═══ MATERIAL FOR THIS TASK ═══
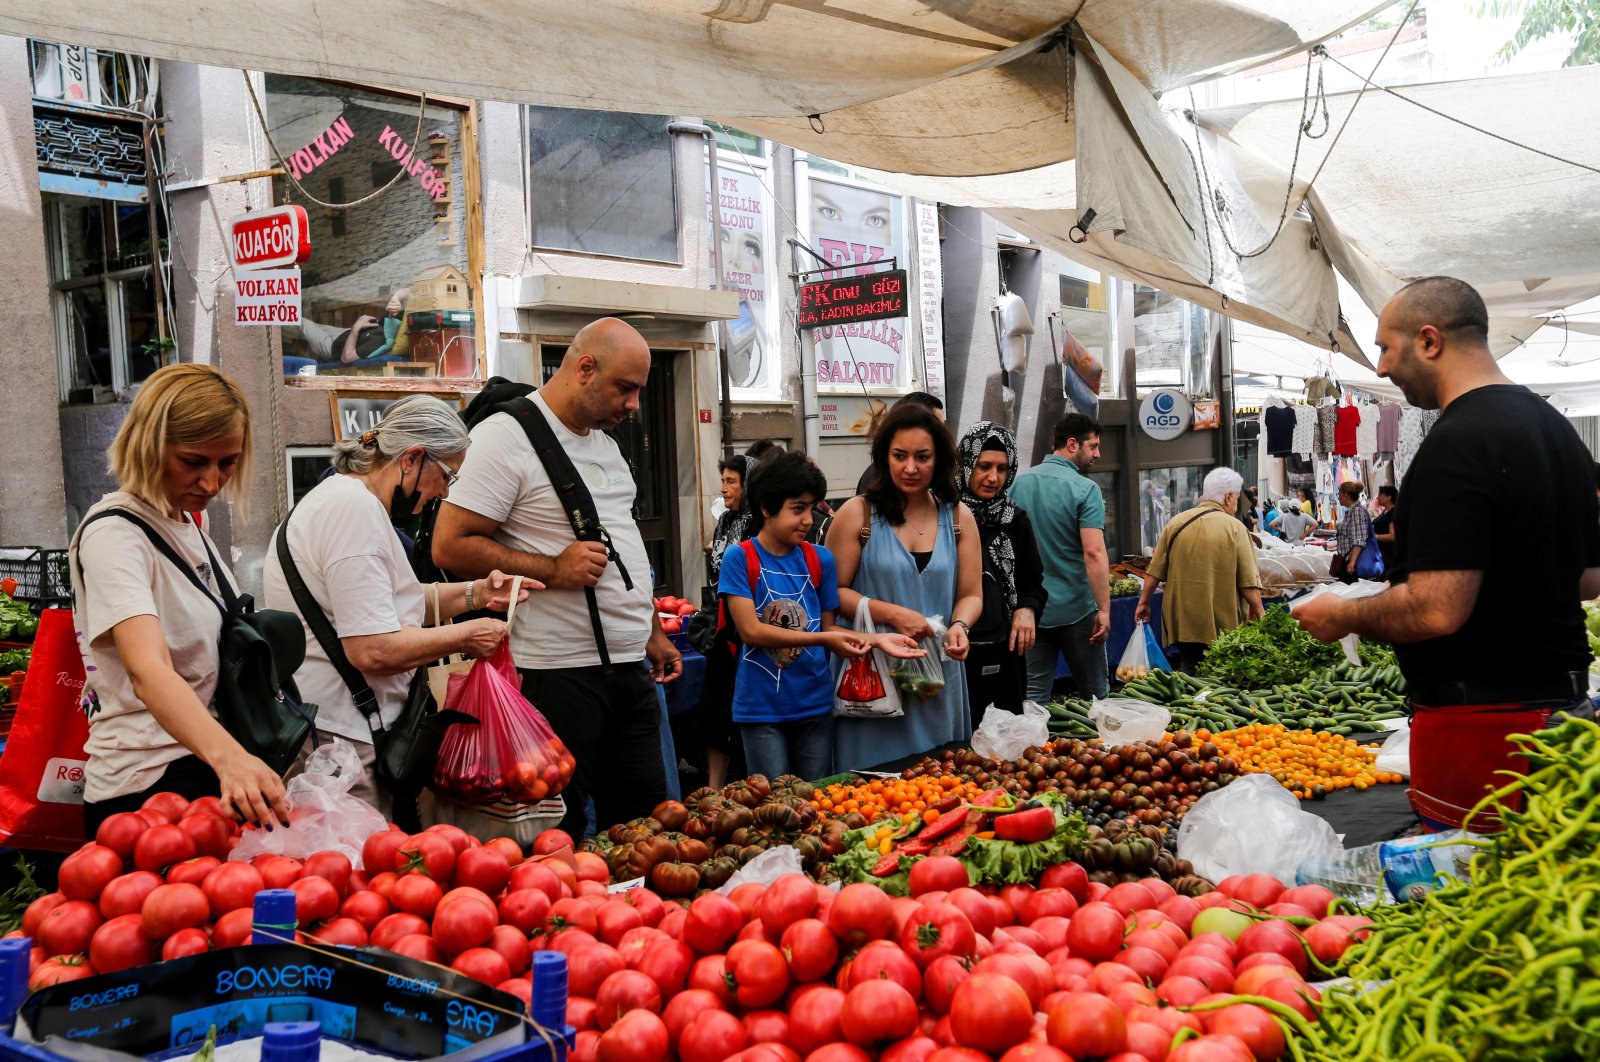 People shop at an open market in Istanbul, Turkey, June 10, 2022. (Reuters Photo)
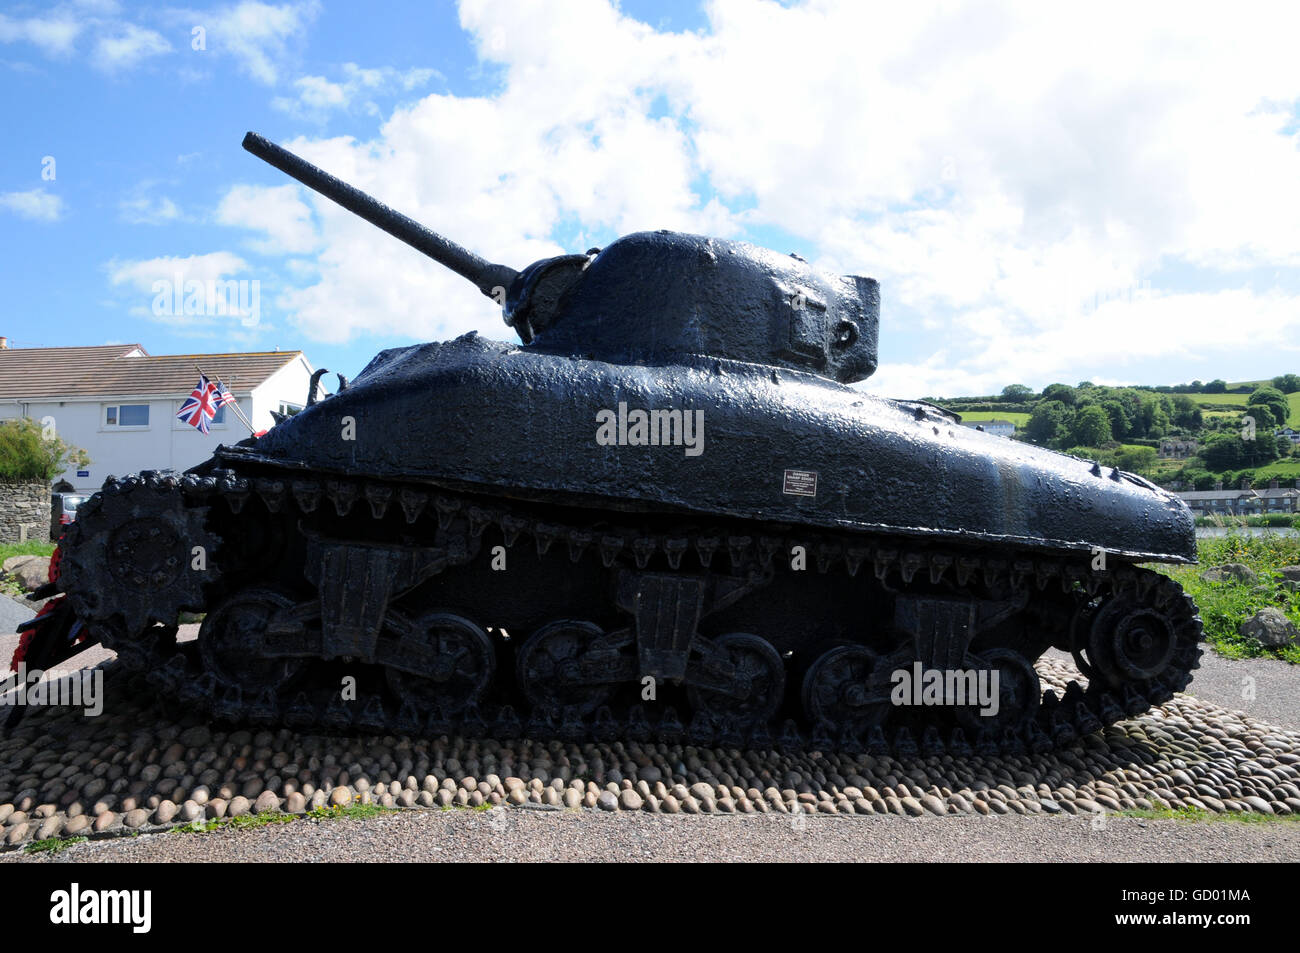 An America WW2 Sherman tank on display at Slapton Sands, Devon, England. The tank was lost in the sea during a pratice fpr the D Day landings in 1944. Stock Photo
═══
═══ MATERIAL FOR THIS TASK ═══
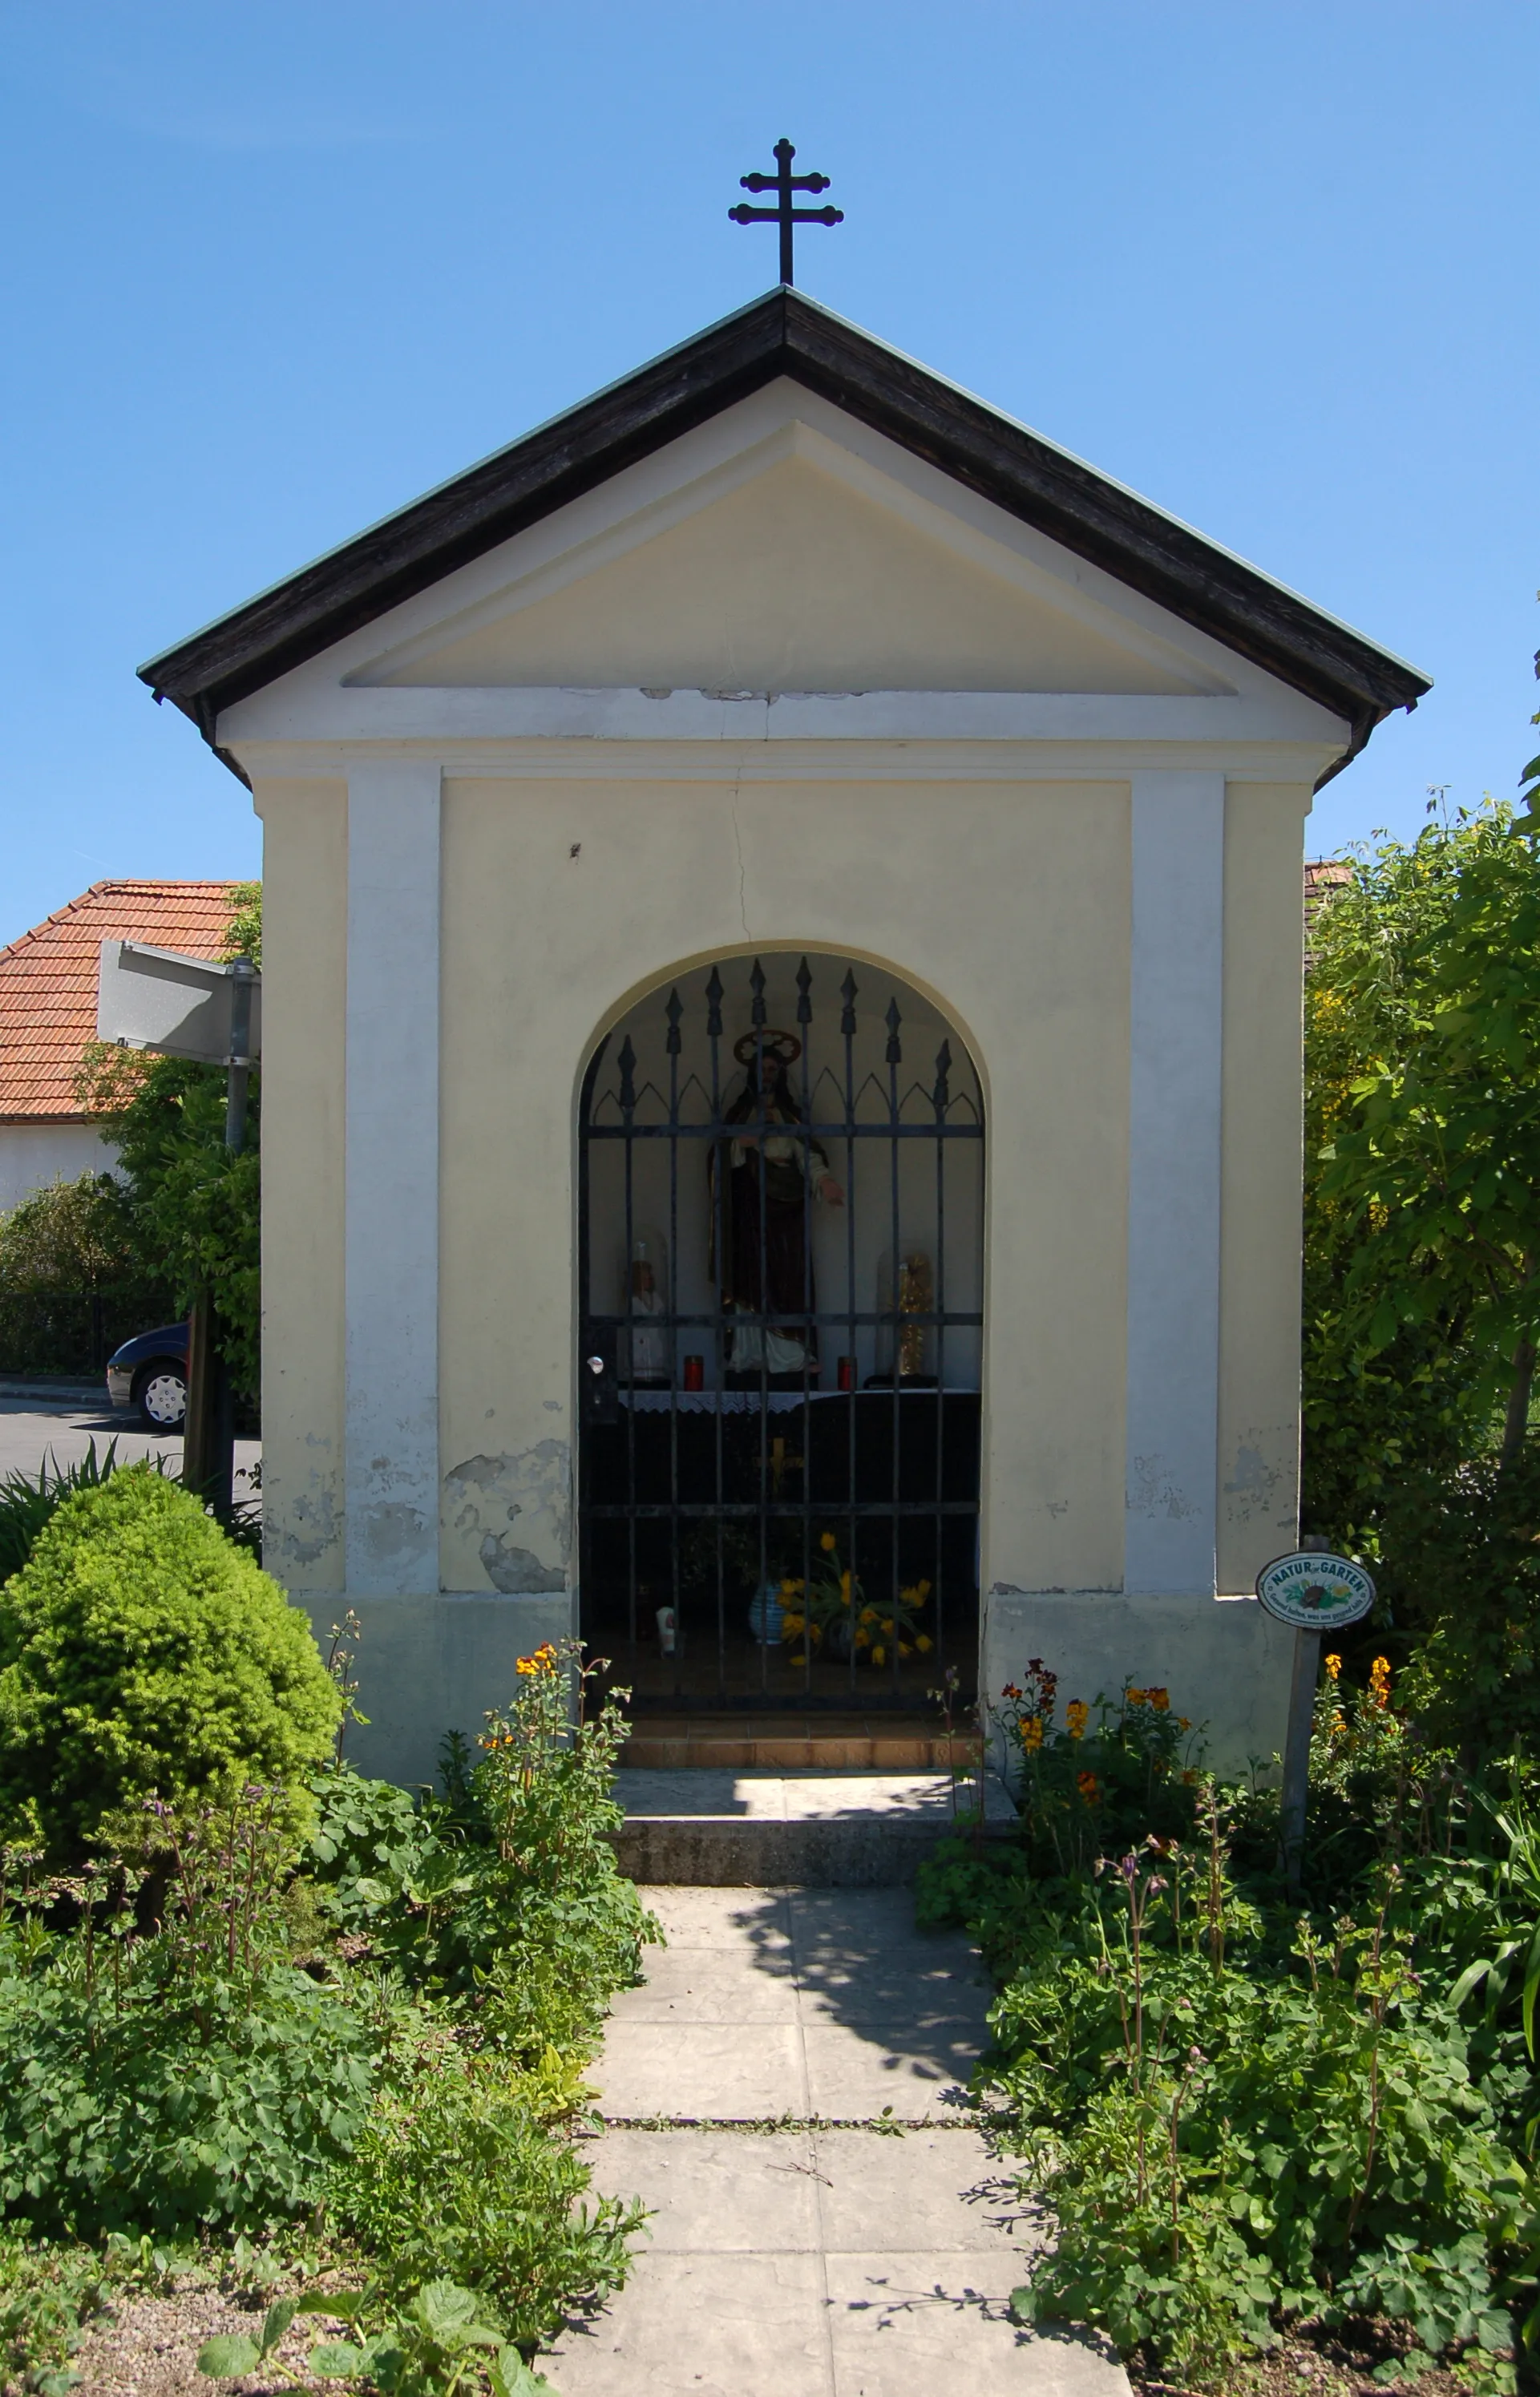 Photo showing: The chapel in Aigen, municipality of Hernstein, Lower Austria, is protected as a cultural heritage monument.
═══
◆ **WORK REQUIRED**:
All that should appear in the answer is the lines above from the line with "People shop at" through the line with "An America WW2", retyped exactly, pictures left out.

◆ **ANSWER TO THE PROBLEM**:
 People shop at an open market in Istanbul, Turkey, June 10, 2022. (Reuters Photo)
 An America WW2 Sherman tank on display at Slapton Sands, Devon, England. The tank was lost in the sea during a pratice fpr the D Day landings in 1944. Stock Photo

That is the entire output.